Carl Streator is your run-of-the-mill reporter, if a bit passive-aggressive. When assigned to a story concerning several recent cases of babies suddenly dying, he seems to find a pattern in every house: the book Poems and Rhymes Around the World, turned to page 27. Upon further inspection, he finds that all of the children have been read something called a culling song...

When he finds himself unconsciously using the song to kill people, Carl realizes he needs to find all copies of the poem and destroy them. As he investigates, he comes across a strange realtor, Helen Hoover Boyle, who seems to know something about the song. Along with her nature-loving Wiccan secretary, Mona and her eco-terrorist boyfriend, Oyster, the two go on a quest to destroy the culling song and its source, the Grimoire.

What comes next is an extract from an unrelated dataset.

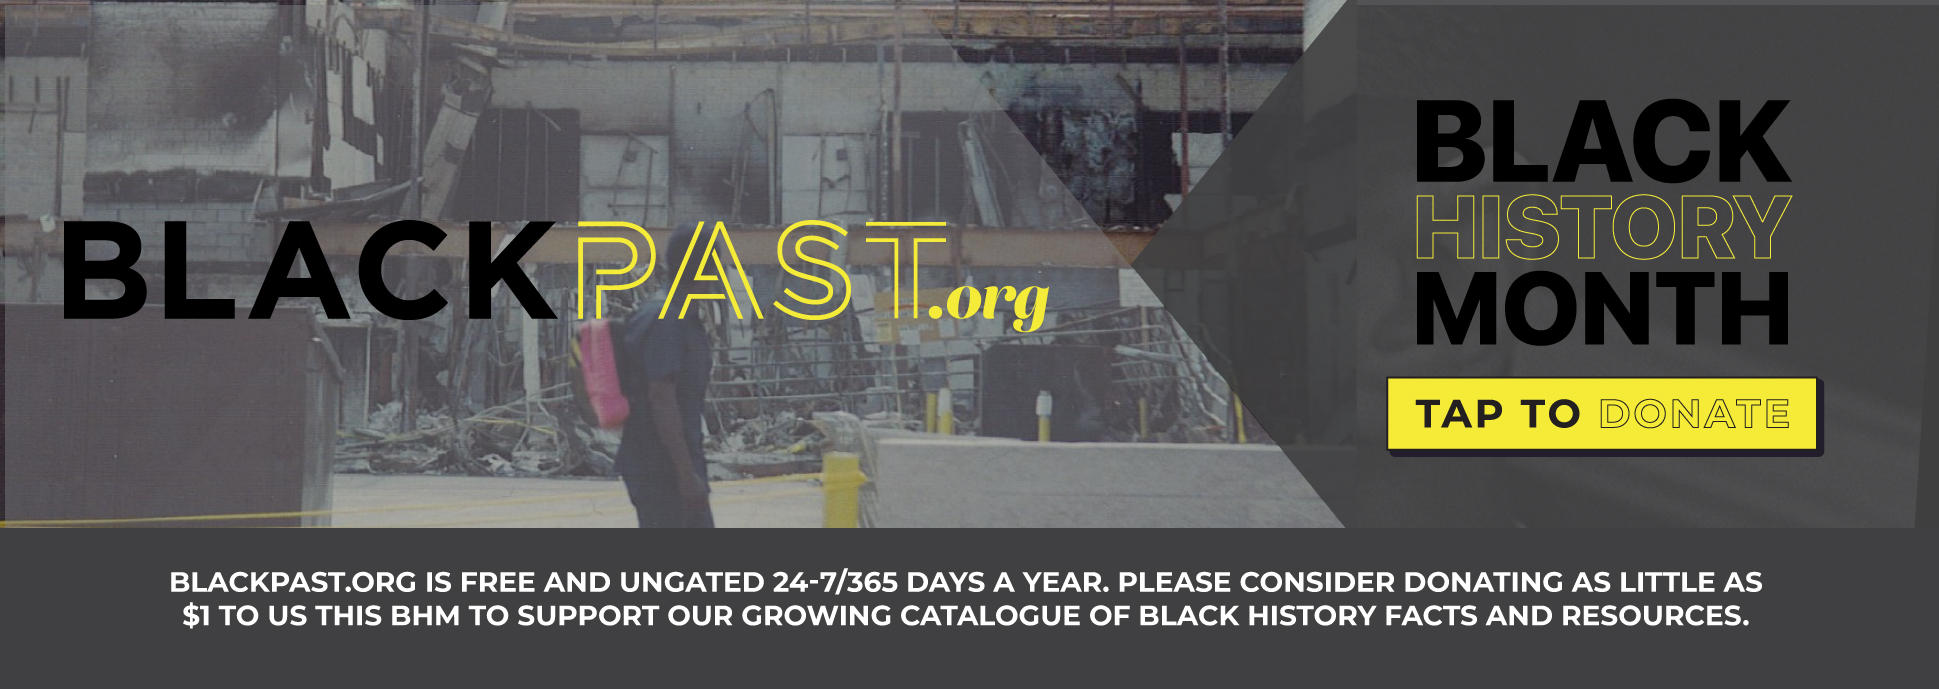 BlackPast.org Black History Month Tap to Donate: BlackPast.org is free and ungated 24-7/365 days a year. Please consider donting as little as $1 to us this BHM to support our growing catalogue of black history fats and resources.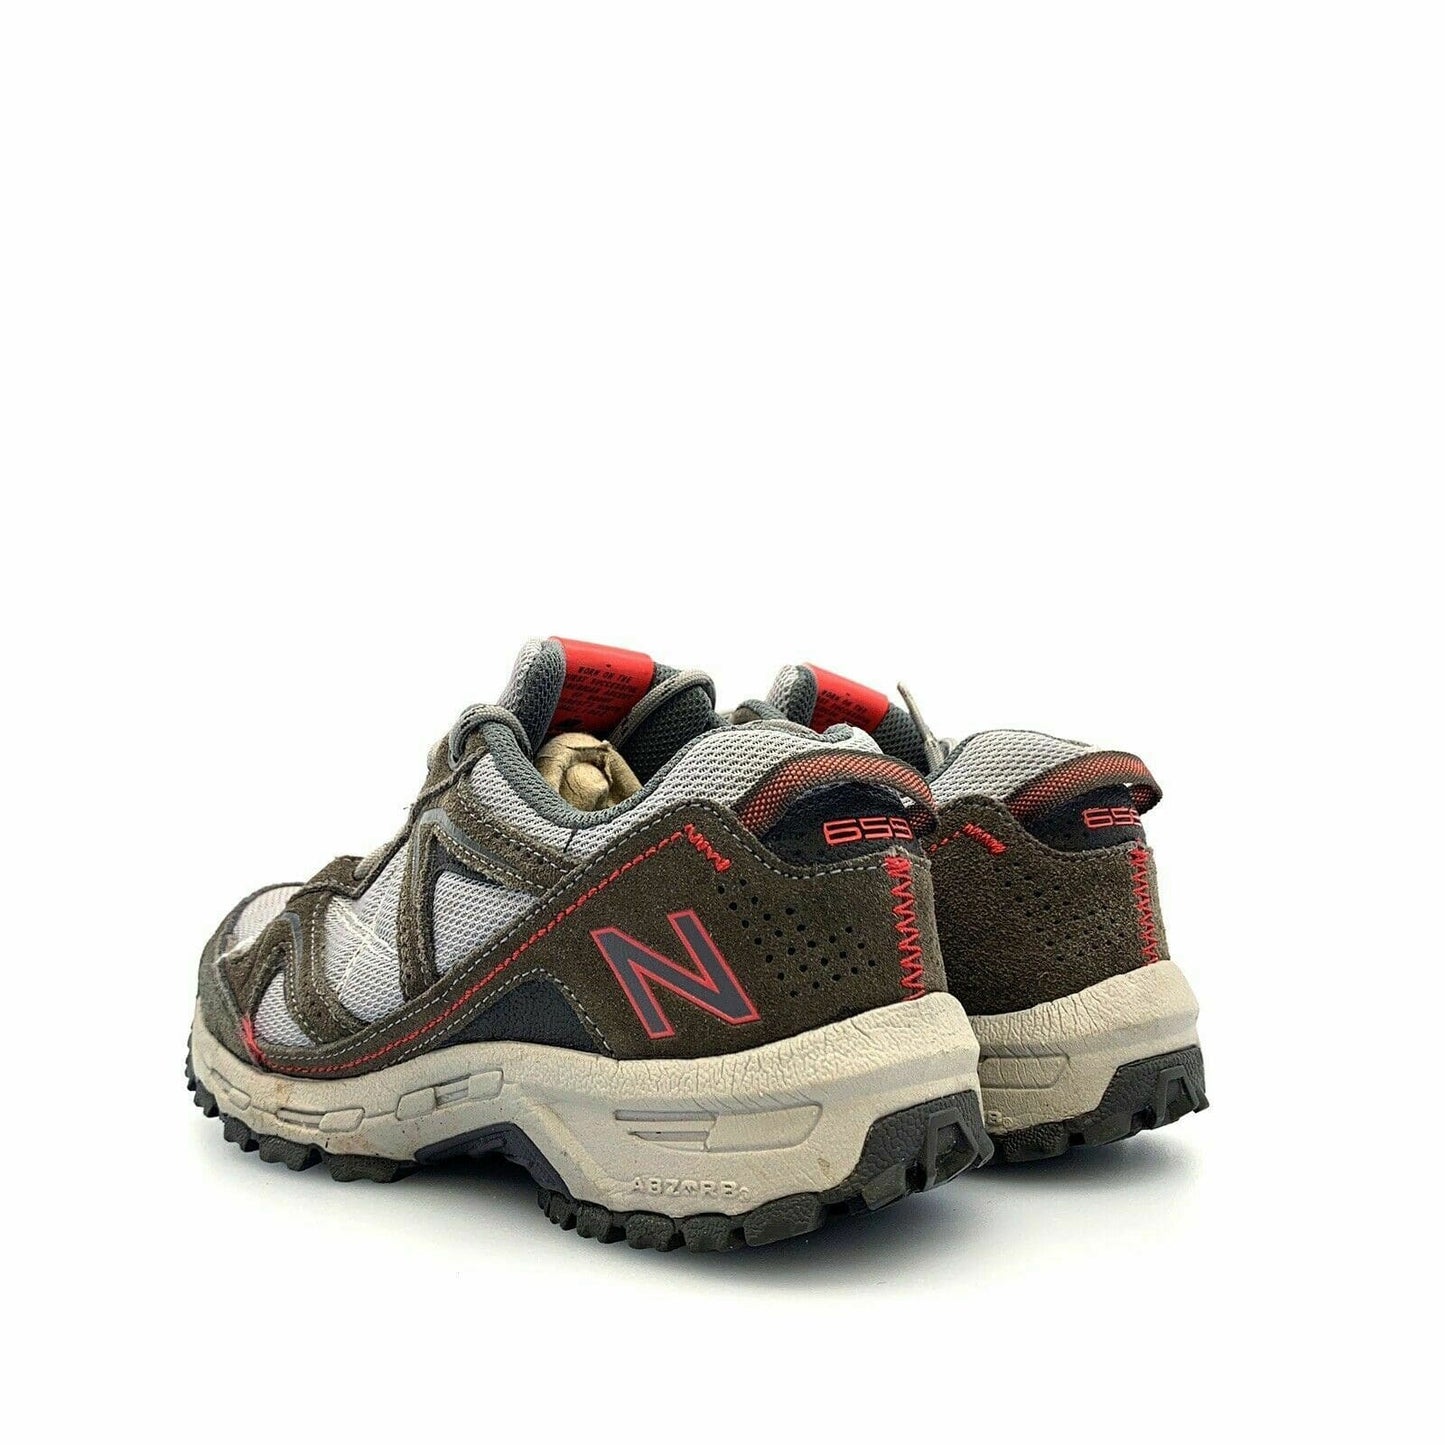 New Balance Womens Size 6.5B Gray Red Walking Shoes WW659 Country Trail Hiking

Tropes found in this work:

  • Animal Wrongs Group: Oyster and whoever follows him. Really, he's enough.
  • Arc Words:
    • "These ____ophobics. These _____oholics."
    • "And I'm counting 1, counting 2, counting 3..."
  • Asshole Victim: Marty the adulterer and, of course, Nash. Maybe Sara Lowenstein.
  • Beware the Nice Ones: Carl, Carl, Carl. He's a good man at heart, but is such a mess of emotions that he can't even thinkof the culling song without it killing someone.
  • Bittersweet Ending: Helen survives by possessing a male cop, and she joins Carl in hunting Oyster and Mona. The two hippies have the grimoire and are causing magical anarchy around the country, but Mona tears the culling spell out of the book to keep Oyster from having it.
  • Brown Note: The entire book revolves around one (a killing spell).
  • Eco-Terrorist: The boyfriend of the very odd realtor, Helen Hoover Boyle, turns out to be an eco-terrorist who ends up becoming the Token Evil Teammate.
  • Evil Plan: Helen has a sort of ongoing one with her business:
    1. Find luxury houses in which horrible crimes have occurred.
    2. Send Mona over there to 'exorcise' the house, which somehow traps vengeful spirits.
    3. Sell said houses to people.
    4. Wait for her customers to call her with complaints of apparitions, blood seeping from the lintels, and screaming ghosts.
    5. Buy back the haunted houses for cheap.
    6. Go back to step 3.
  • Grand Theft Me
  • Granola Girl: Mona, who has a very hippie style and outlook, wanting to use the Book of Shadows to save the world.
  • Hairy Girl: Zig-Zagged in a humorous way with Mona, who doesn't shave her legs or underarms, but DOES shave her private hair.
  • Happy Fun Ball: The Culling Song is first found in a book of nursery rhymes.
  • How We Got Here: In an In Medias Res form, where the protagonist starts the narrative at the book's climax, and recounts how they got there, and follows up with the resolution.
  • I Love the Dead:
    • Once Nash gets a hold of the culling song, he uses it to kill supermodels and have sex with their corpses.
    • There's also the more tragic case of Carl having sex with his wife without realizing he's unwittingly killed her.
  • Ironic Nursery Tune: Taken to a fairly literal extent with a nursery rhyme (a "culling song") that kills those who hear it.
  • It Was with You All Along: The Book of Shadows. Helen bought it at an estate sale, thinking it was a leather day planner and not realizing the cover is human skin.
  • Left Field Description: The protagonist is a journalist who is always noting details.
    Her suit is light blue, but it's not a regular robin's-egg blue. It's the blue of a robin's egg you might find and then worry that it won't hatch because it's dead inside.
  • Man, I Feel Like a Woman: Helen frees Carl from jail by possessing a male police sergeant and releasing him. She then says that she is going to masturbate once he leaves, "for the experience of it."
  • Mercy Kill: The original purpose of the culling song and what Carl tries to do with Helen at the end.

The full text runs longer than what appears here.